# [Material provided]

____

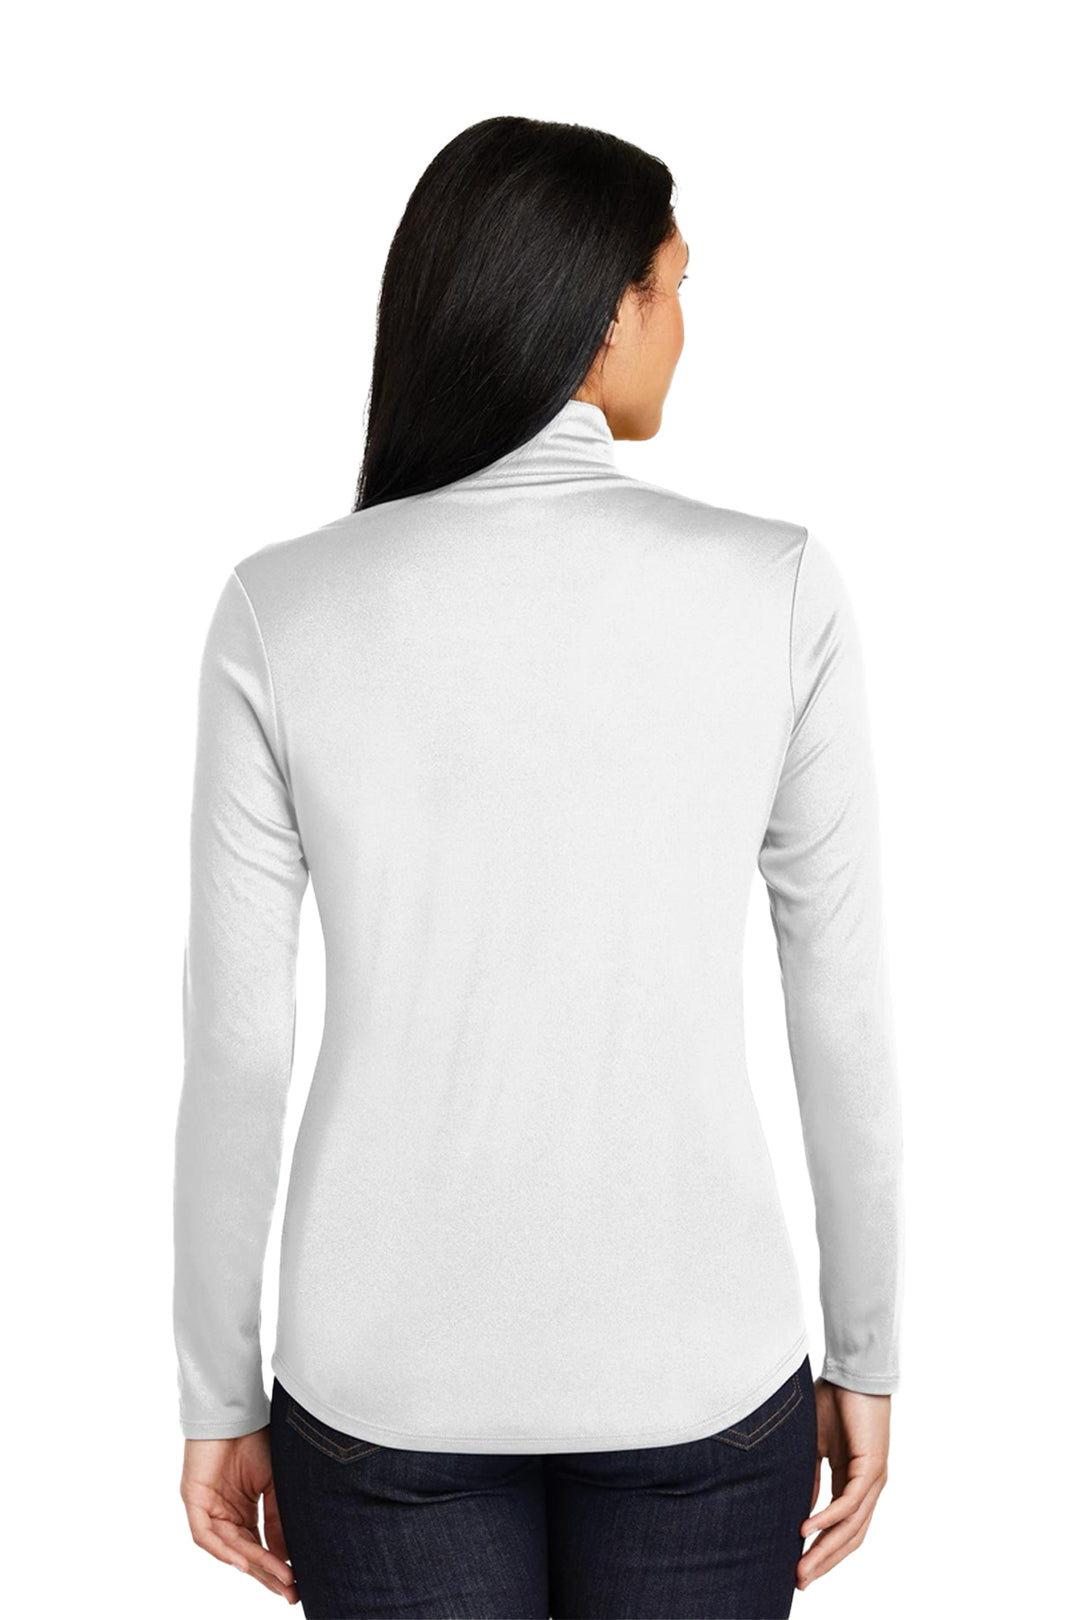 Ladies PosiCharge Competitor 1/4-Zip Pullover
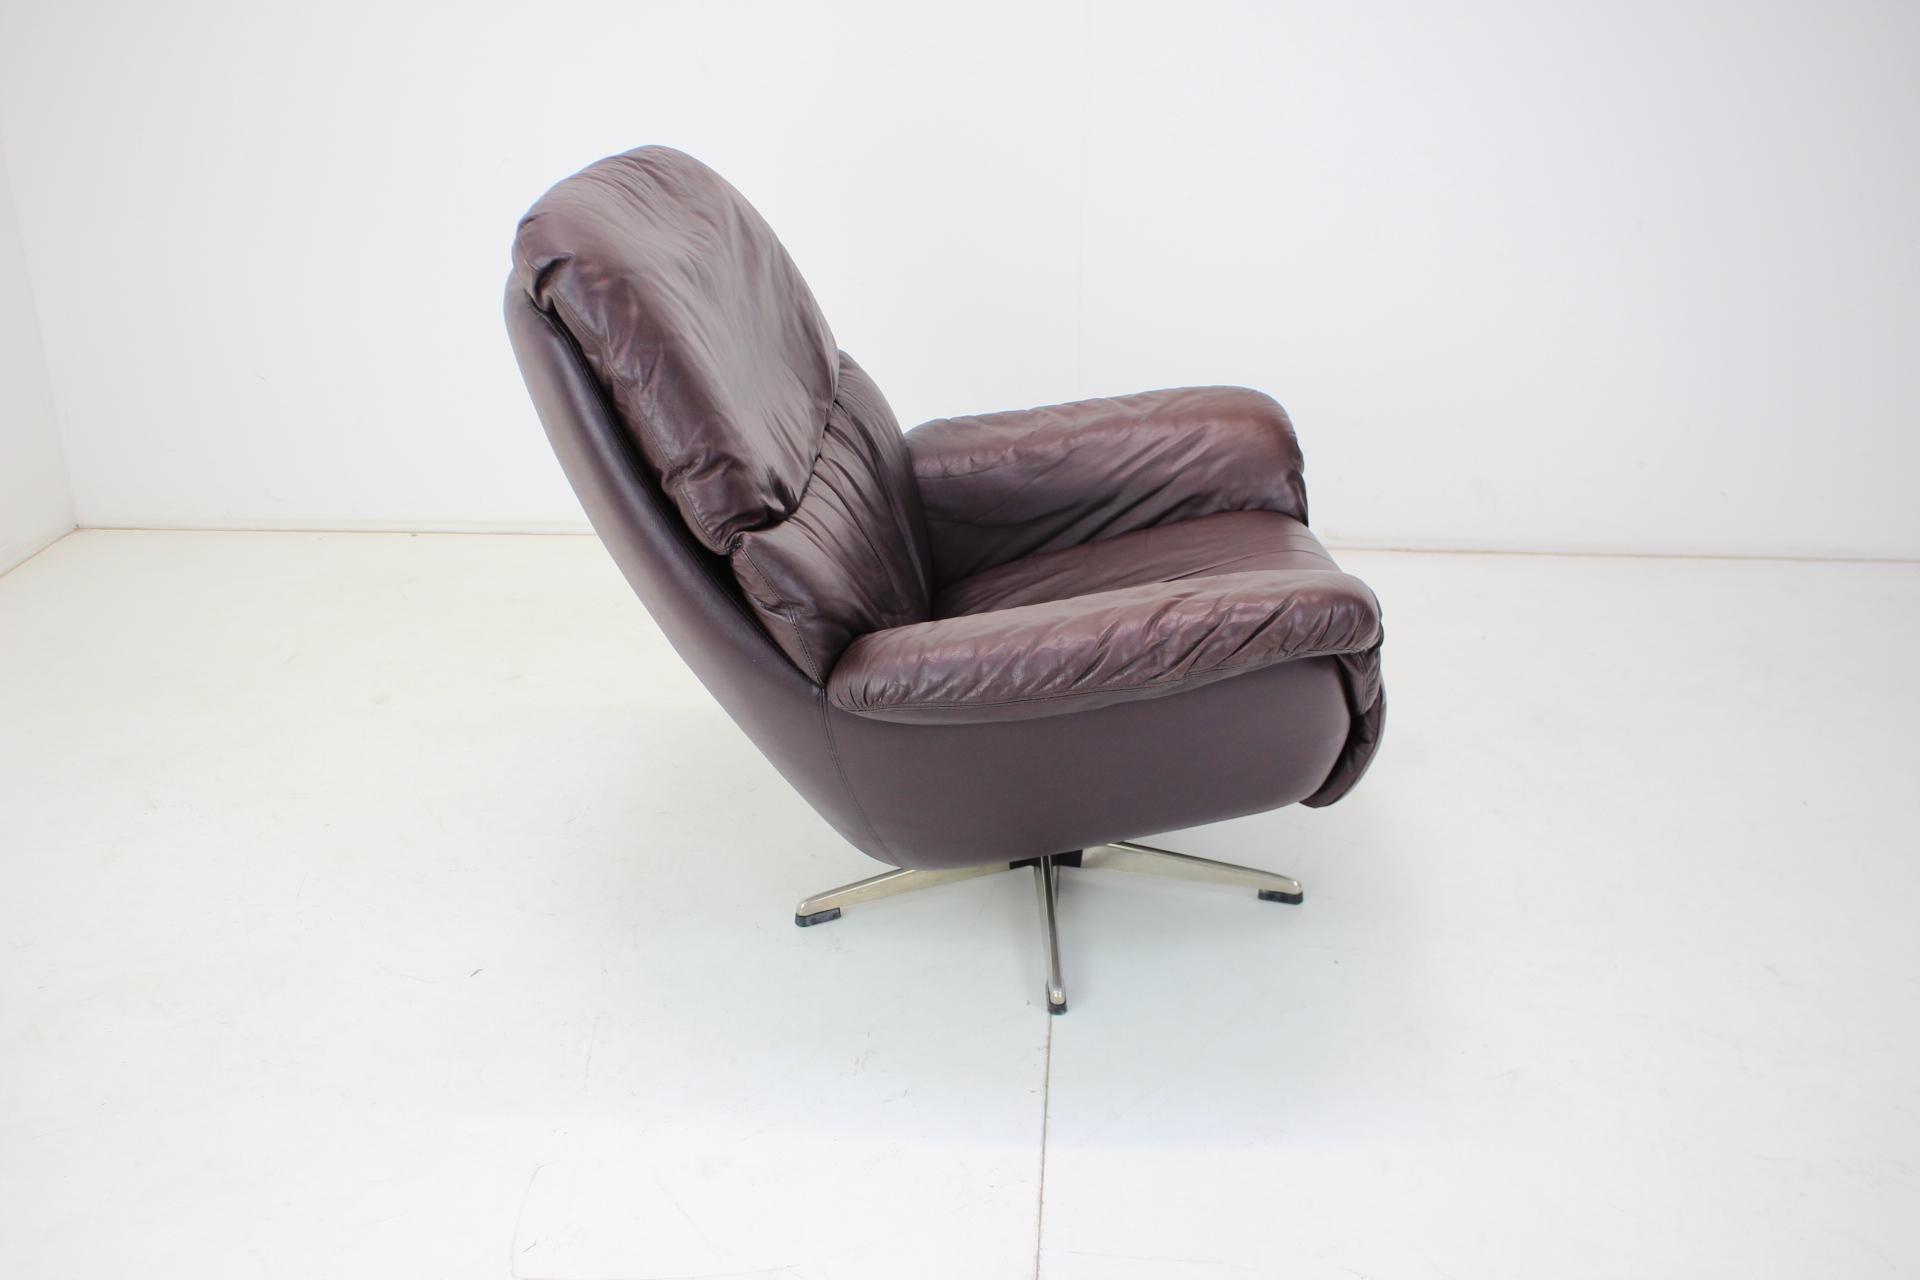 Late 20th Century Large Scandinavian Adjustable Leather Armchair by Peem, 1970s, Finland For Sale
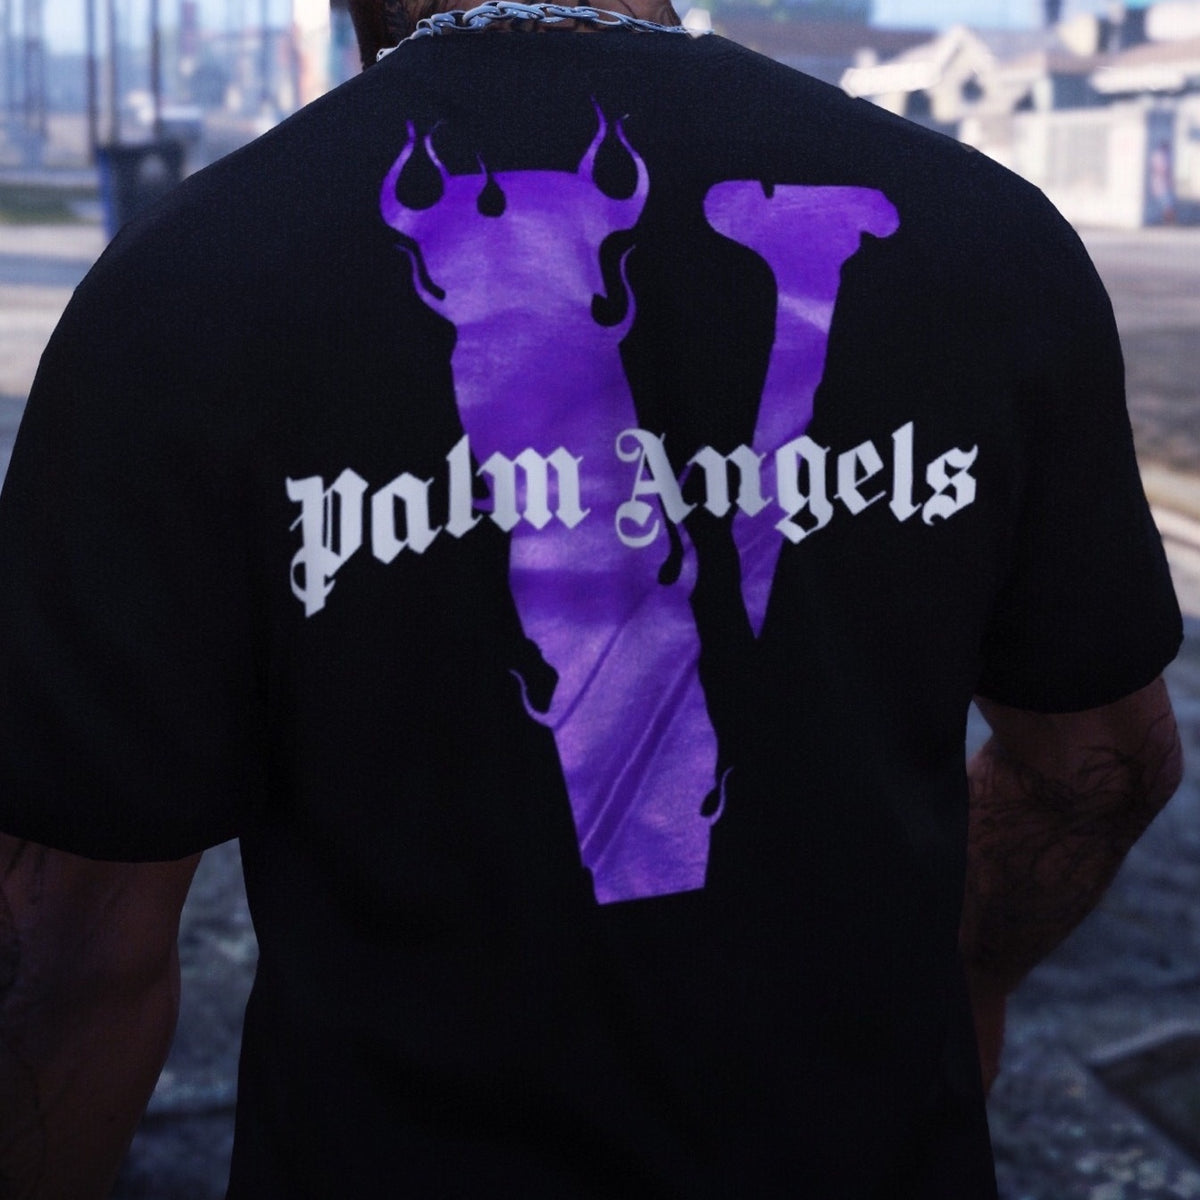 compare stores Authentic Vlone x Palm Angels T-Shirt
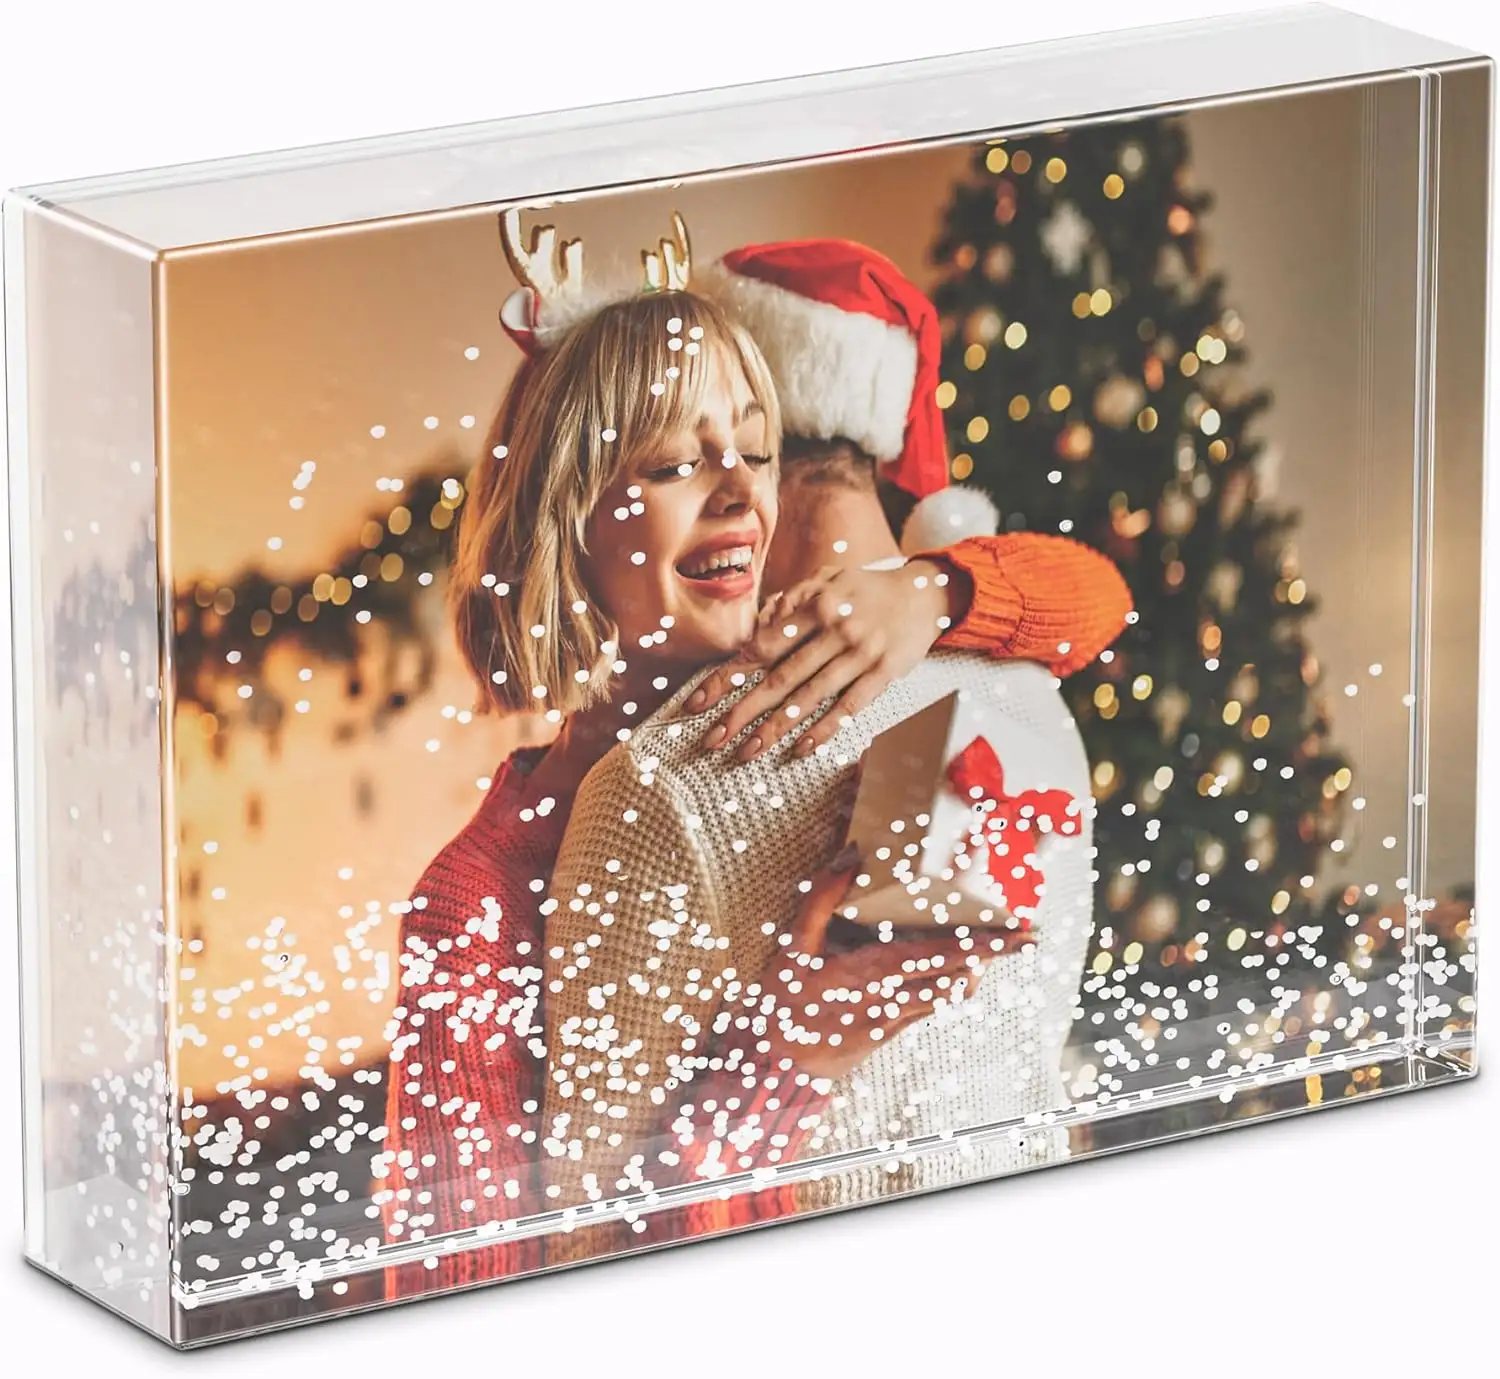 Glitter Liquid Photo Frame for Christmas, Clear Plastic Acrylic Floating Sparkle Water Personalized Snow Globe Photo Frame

____

# [Activity]
Would you set down each line of the listing above exactly, apart from the pictures?

# [Result for this exercise]
 Ladies PosiCharge Competitor 1/4-Zip Pullover
 Late 20th Century Large Scandinavian Adjustable Leather Armchair by Peem, 1970s, Finland For Sale
 compare stores Authentic Vlone x Palm Angels T-Shirt
 Glitter Liquid Photo Frame for Christmas, Clear Plastic Acrylic Floating Sparkle Water Personalized Snow Globe Photo Frame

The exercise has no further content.